Color space: Convert the image to LAB and operate on the L (luminance) channel only; A/B (color) channels are left unchanged and merged back after equalization to preserve hues.
How it works:
- Divide into tiles: Split the image into an N×N grid (configurable; e.g., 24×24 here).
- Build a histogram: For each tile, count pixels at each brightness (0–255). This shows how tones are distributed.
- Clip tall bins: Set a per‑bin threshold as T × (average count per bin) (with T ≈ 2.0). Cap bars above this level and redistribute the excess uniformly to avoid over‑amplifying noise or small peaks.
- Equalize via CDF: The CDF is a running total of the histogram; for any brightness x it tells you what fraction of pixels in this tile are ≤ x. We map x → CDF(x) (normalized to 0–1), so darkest values go near 0, brightest near 1, and crowded ranges are spread out — revealing detail and increasing local contrast.
- Blend between tiles: Each tile yields its own remapping curve. For pixels near tile borders, we take the four surrounding tiles’ curves and combine them with bilinear weights based on the pixel’s relative (x,y) position (weights sum to 1). The pixel is remapped by this weighted average, which removes visible seams between tiles.
Luminance‑only: Equalization is applied to the L channel, then converted back to BGR; this preserves color fidelity while enhancing local detail.
Trade‑offs: Larger tiles → smoother, more global look; smaller tiles → stronger local contrast but risk amplifying noise if T is too high.

Before & After Results

Original Enhanced

Original Enhanced

The enhanced versions breathe noticeably more contrast and clarity, giving a crisper, more lifelike appearance; by comparison, the originals feel slightly soft and subdued.

Automatic white balance

Motivation

Channels often have different gains/illumination, leading to color casts (e.g., blue/green tint). We aim to estimate a neutral illuminant and re-scale channels so neutrals appear gray/white.

Approach

Gray‑World algorithm. Intuition: under a neutral illuminant, the spatial average of an image should be achromatic (gray). If an image has a color cast, the per‑channel means differ; we correct this by scaling each channel so their means match a common gray target.

Compute means: \(\mu_R,\ \mu_G,\ \mu_B\) over interior pixels (optionally exclude borders/outliers).
Choose gray target: I use the average of the channel means, \(\mu_{\text{target}} = (\mu_R + \mu_G + \mu_B)/3\).
Scale channels: apply gains \(s_c = \mu_{\text{target}} / \mu_c\) to each channel \(c \in \{R,G,B\}\), then clip to the display range.

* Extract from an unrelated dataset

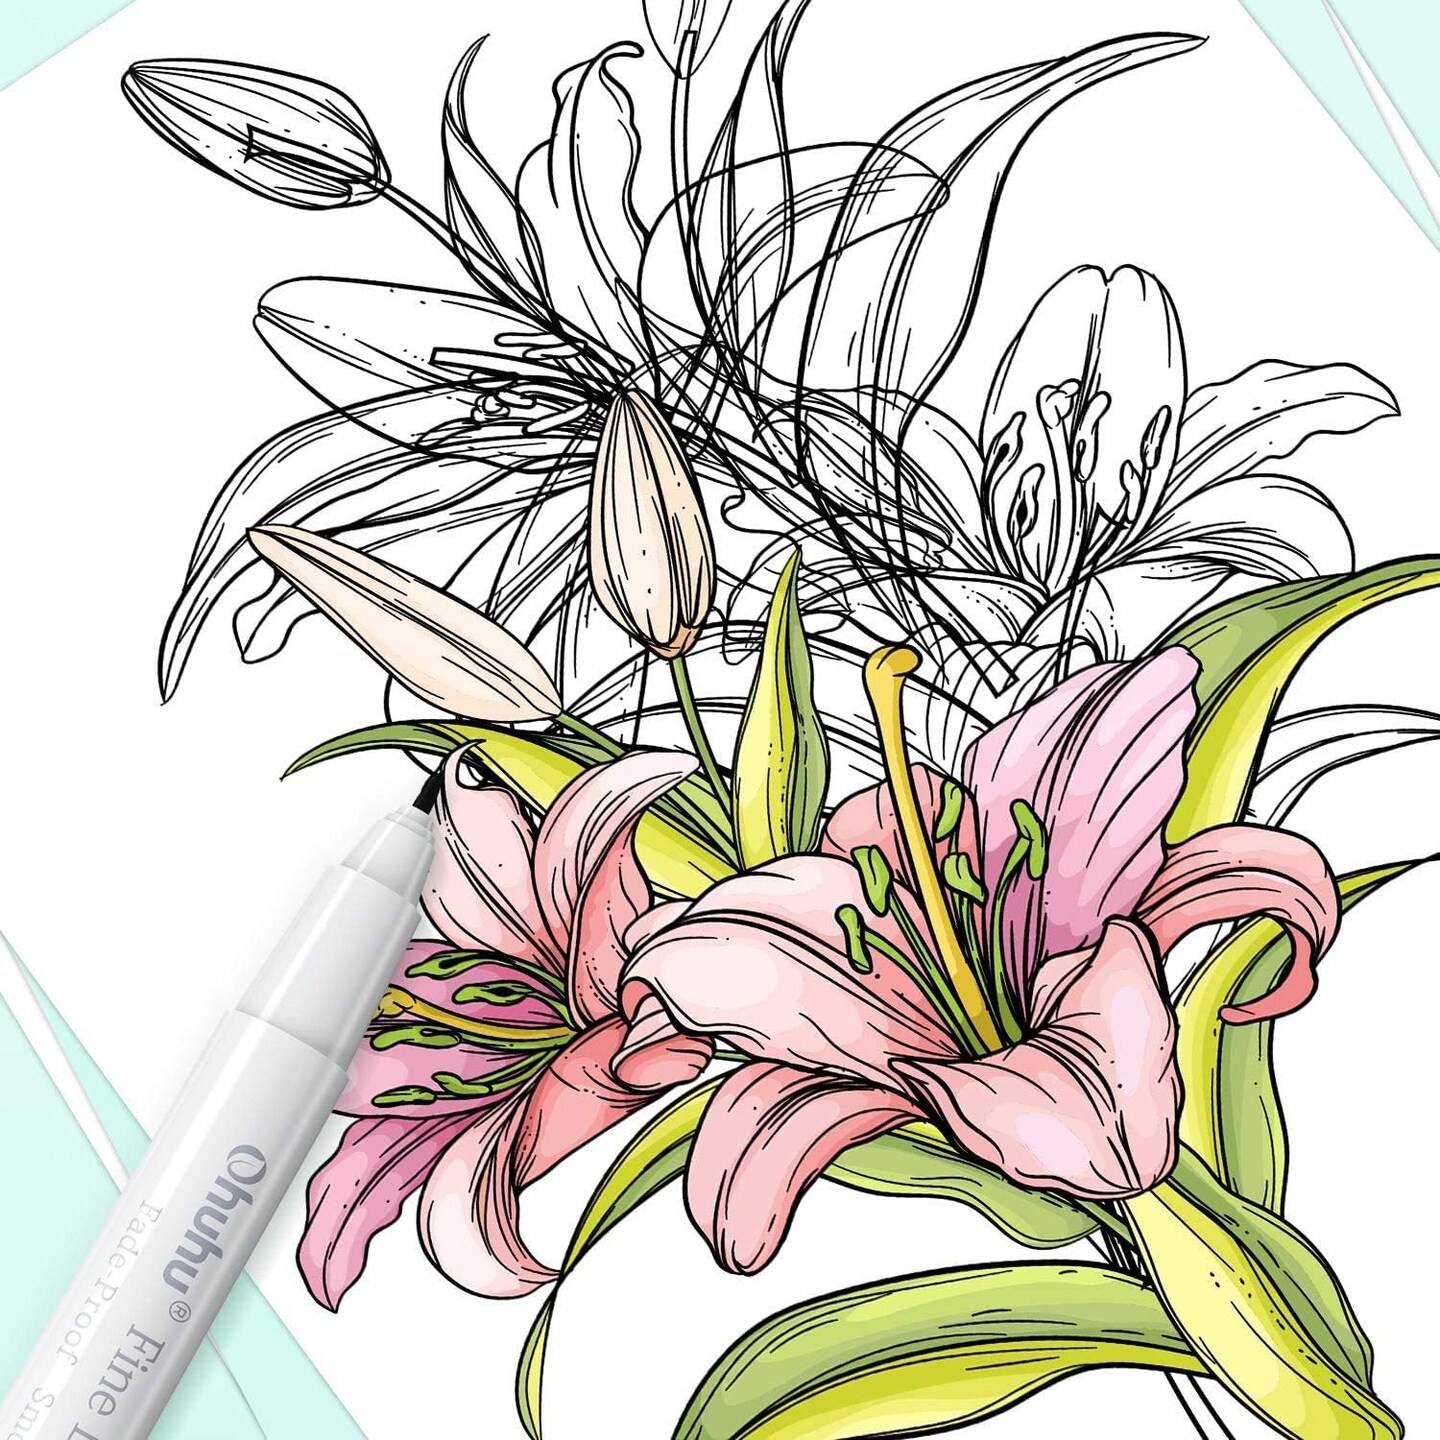 Micro Pen Fineliner Drawing Pens: 8 Sizes Fineliner Pens Pigment

\[ s_c = \frac{\mu_{\text{target}}}{\mu_c}, \quad X'_c = \operatorname{clip}(s_c \cdot X_c) \]

This neutralizes global color casts while preserving relative contrasts; using interior pixels and clipping avoids bias from borders and outliers.

Implementation note: I used the average-of-means gray target \(\mu_{\text{target}} = (\mu_R+\mu_G+\mu_B)/3\) (not a fixed 0.5), and clipped per-channel gains to a safe range before applying them.

Before & After Results

Original White-balanced

Original White-balanced

Assuming the Emir’s hat and the church facade are meant to be white, the Gray‑World correction makes these regions appear white in the new images—whereas they showed clear color casts in the originals.

Better color mapping

Motivation

Channel gains and spectral responses can differ; simple per‑channel scaling (white balance) may not fully capture cross‑channel interactions. I explored small color transforms to find a mapping that looks most realistic.

Approach

I generated a small set of candidates using two tiny 3×3 matrix families — diagonal channel gains and cross‑channel mixing — then picked the most natural‑looking result.

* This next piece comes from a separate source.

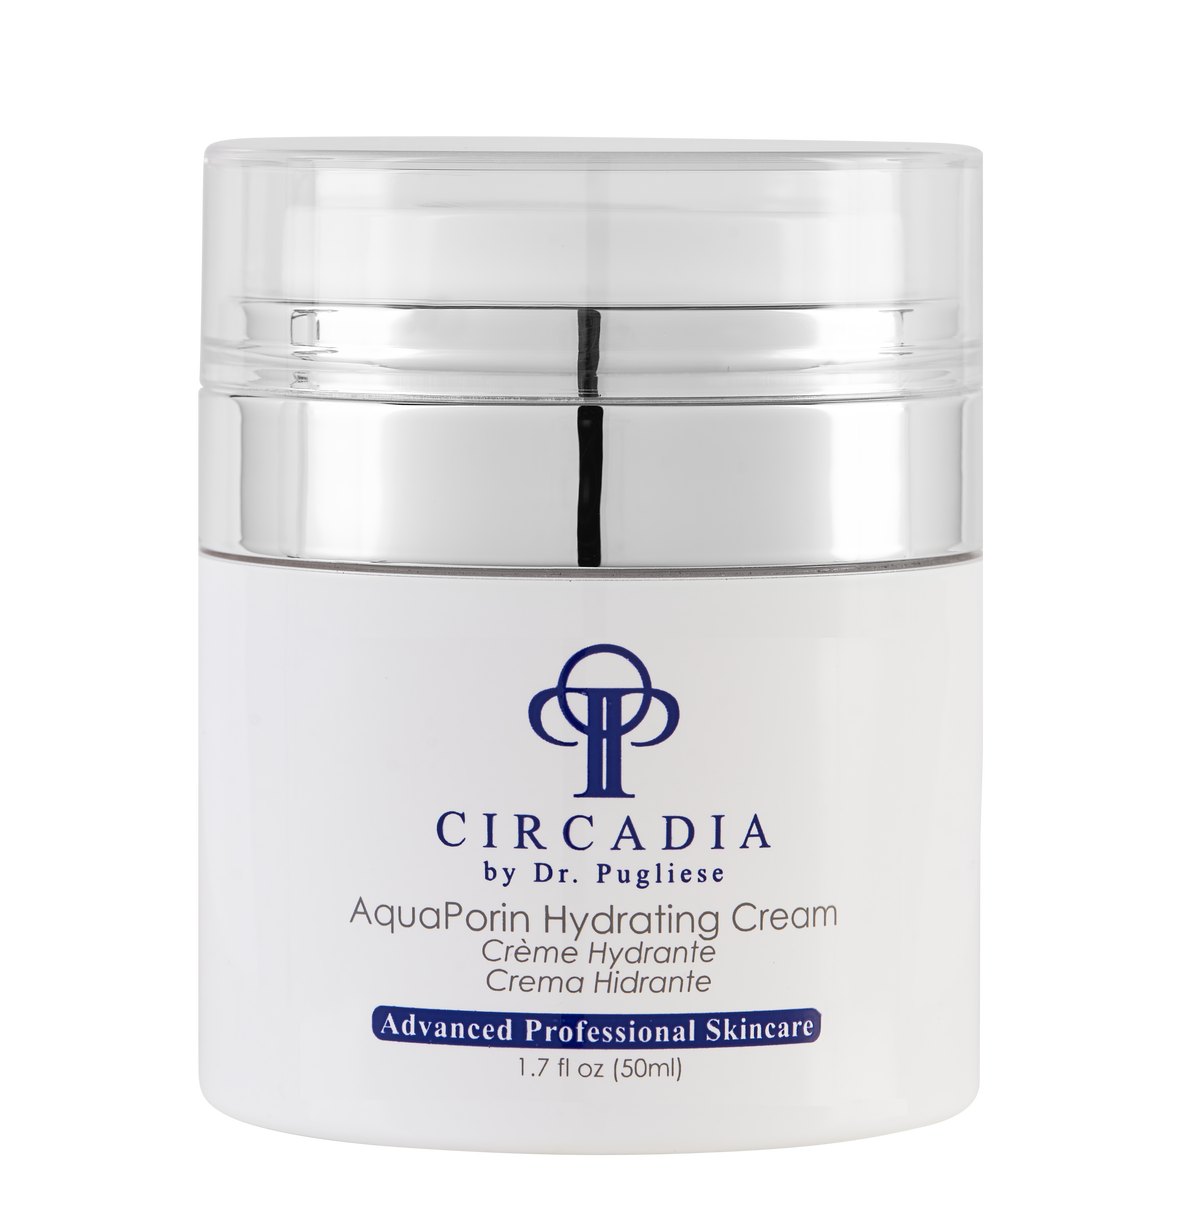 AquaPorin Hydrating Cream - CIRCADIA

Color basis (additive RGB): Red + Green = Yellow (warm), Green + Blue = Cyan (cool), Red + Blue = Magenta. Scaling channels nudges colors along these axes.
Diagonal gains (warm RG+, cool BG+, magenta RB+): Multiply channels independently (diagonal matrix). For example:
- RG+: boost R and G slightly (~0.28) → warmer/yellowish look.
- BG+: boost B and G → cooler/cyan look.
- RB+: boost R and B → magenta tint.
Also include single‑channel tweaks (+R, +G, +B and their negatives) to correct specific casts.
Cross‑channel mixes: Add a small fraction ε ≈ 0.25 from one channel into another (off‑diagonal entries). Example: B' = (1−ε)·B + ε·G shifts blue slightly toward cyan, reducing magenta casts; similarly R' ← R + ε·G, G' ← G + ε·B, etc.
Baselines: Diagonal gray‑world and white‑patch gains for reference.
Evaluation: Render candidates to sRGB, size‑match, and lay out in a grid to judge realism (skin tones, skies, foliage) side‑by‑side.

Note: these mappings are not universal. The most natural‑looking transform is image‑dependent (scene/illuminant) and therefore relative; the grid enables per‑image selection rather than a single fixed mapping.

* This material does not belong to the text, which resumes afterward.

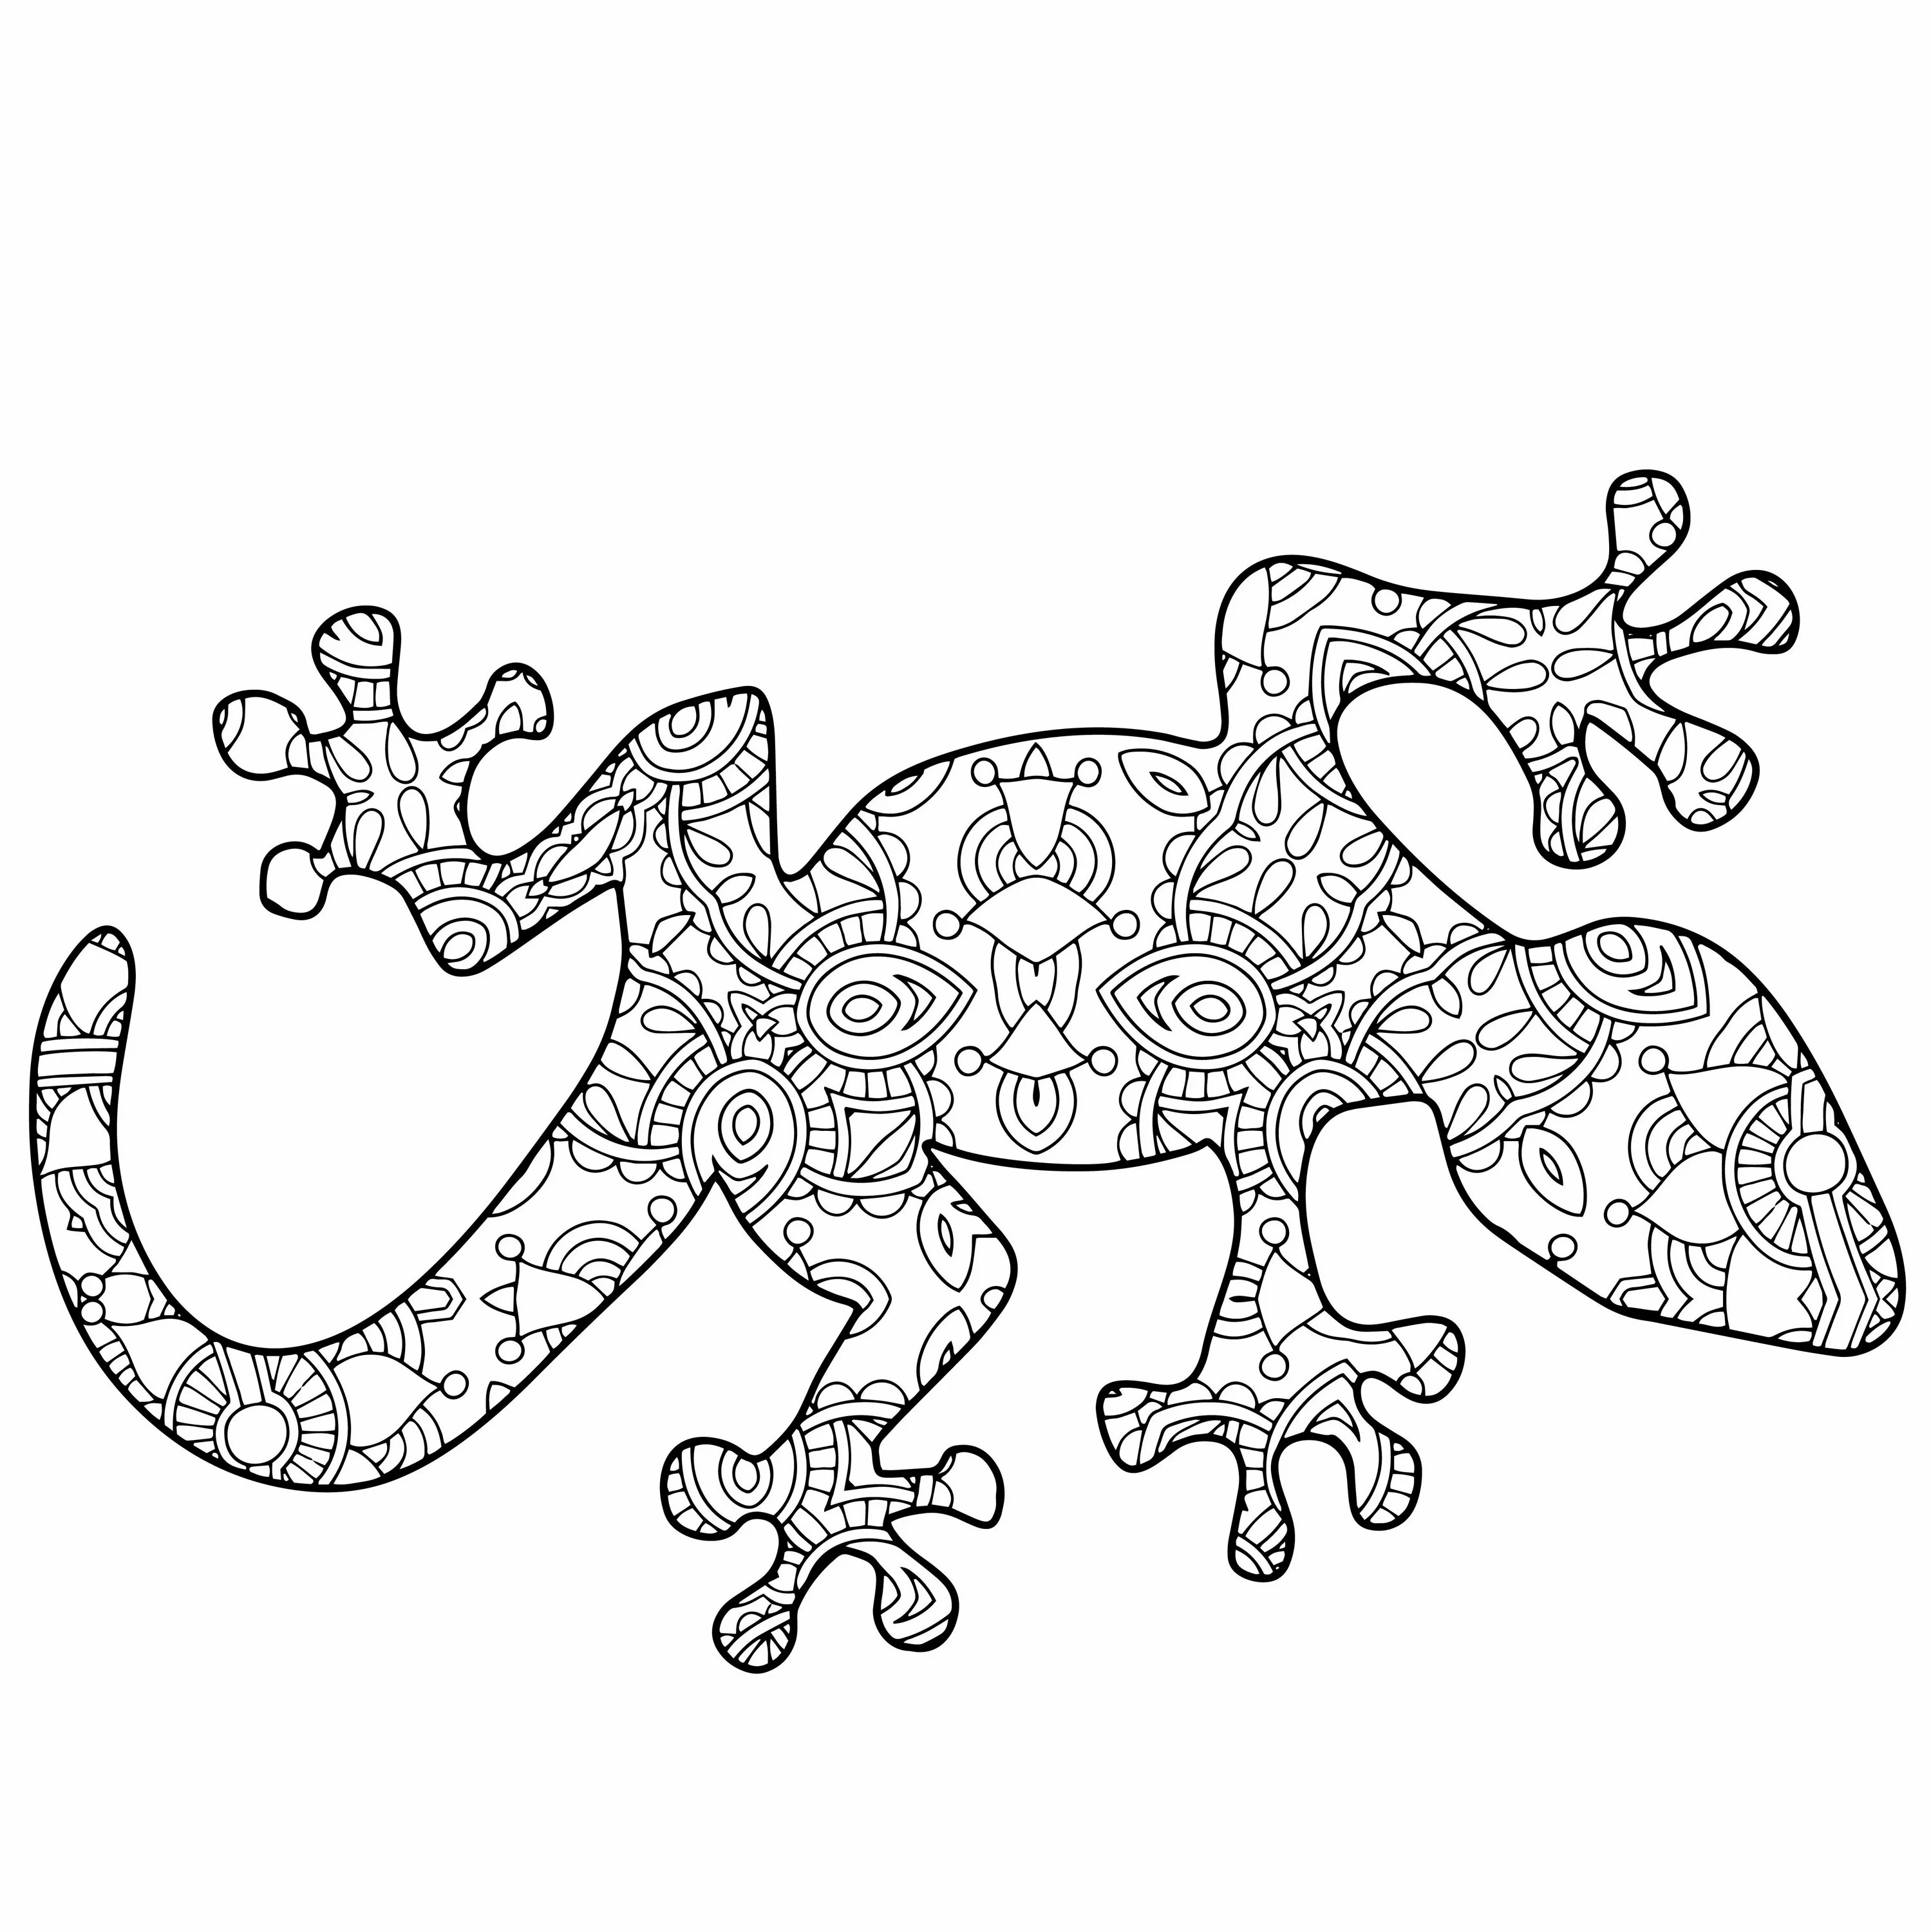 Cute lizard antistress coloring book

Chosen mapping (bottom‑right tile)

I picked the bottom‑right tile of the grid as the final mapping. This corresponds to a subtle blue‑from‑green mix:

\[ B' = (1-\varepsilon)\,B + \varepsilon\,G, \quad G' = G, \quad R' = R, \;\; \text{with } \varepsilon \approx 0.25. \]

Intuition: adding a touch of green into blue reduces residual magenta casts and improves foliage/sky balance without over‑saturating reds.

Grid and comparison (tippie)

Color mapping variant grid for tippie — Variant grid (tippie)

Original Mapped

The mapped image (right) looks more realistic and less like a warm filter is applied (as the left side feels). The sand color also appears more natural.

Better features

Gradient-based approach

Intuition: edges are places where neighboring pixels differ strongly. Compute horizontal and vertical finite differences, then combine them into a gradient magnitude and normalize. This captures structure while being less sensitive to absolute brightness.

\[ G_x(x,y) = I(x+1,y) - I(x-1,y), \quad G_y(x,y) = I(x,y+1) - I(x,y-1) \]

\[ |\nabla I|(x,y) = \sqrt{ G_x(x,y)^2 + G_y(x,y)^2 }, \quad \hat G = \frac{|\nabla I| - \mu}{\sigma} \]

Computation: For each channel independently, apply the finite differences above, form the magnitude, min–max to [0,1] if needed, then z‑normalize (zero mean, unit variance).
Why it helps: Gradients emphasize shared structure across channels while down‑weighting absolute intensity/gain differences.

Alignment

For each candidate shift, I evaluate equal‑weight NCC and L2 on the gradient maps and pick the best shift in a coarse‑to‑fine pyramid (same window schedule as before).

Church gradient map (Blue channel) — Gradient map — Blue channel

Church gradient map (Green channel) — Gradient map — Green channel

These gradient maps are used directly for alignment: the algorithm aligns on gradients (not raw intensities) using equal‑weight NCC and L2.

Finding: On this dataset, gradients+NCC/L2 did not outperform the prior method in a significant way, but it was a useful experiment that confirmed alignment robustness to brightness changes.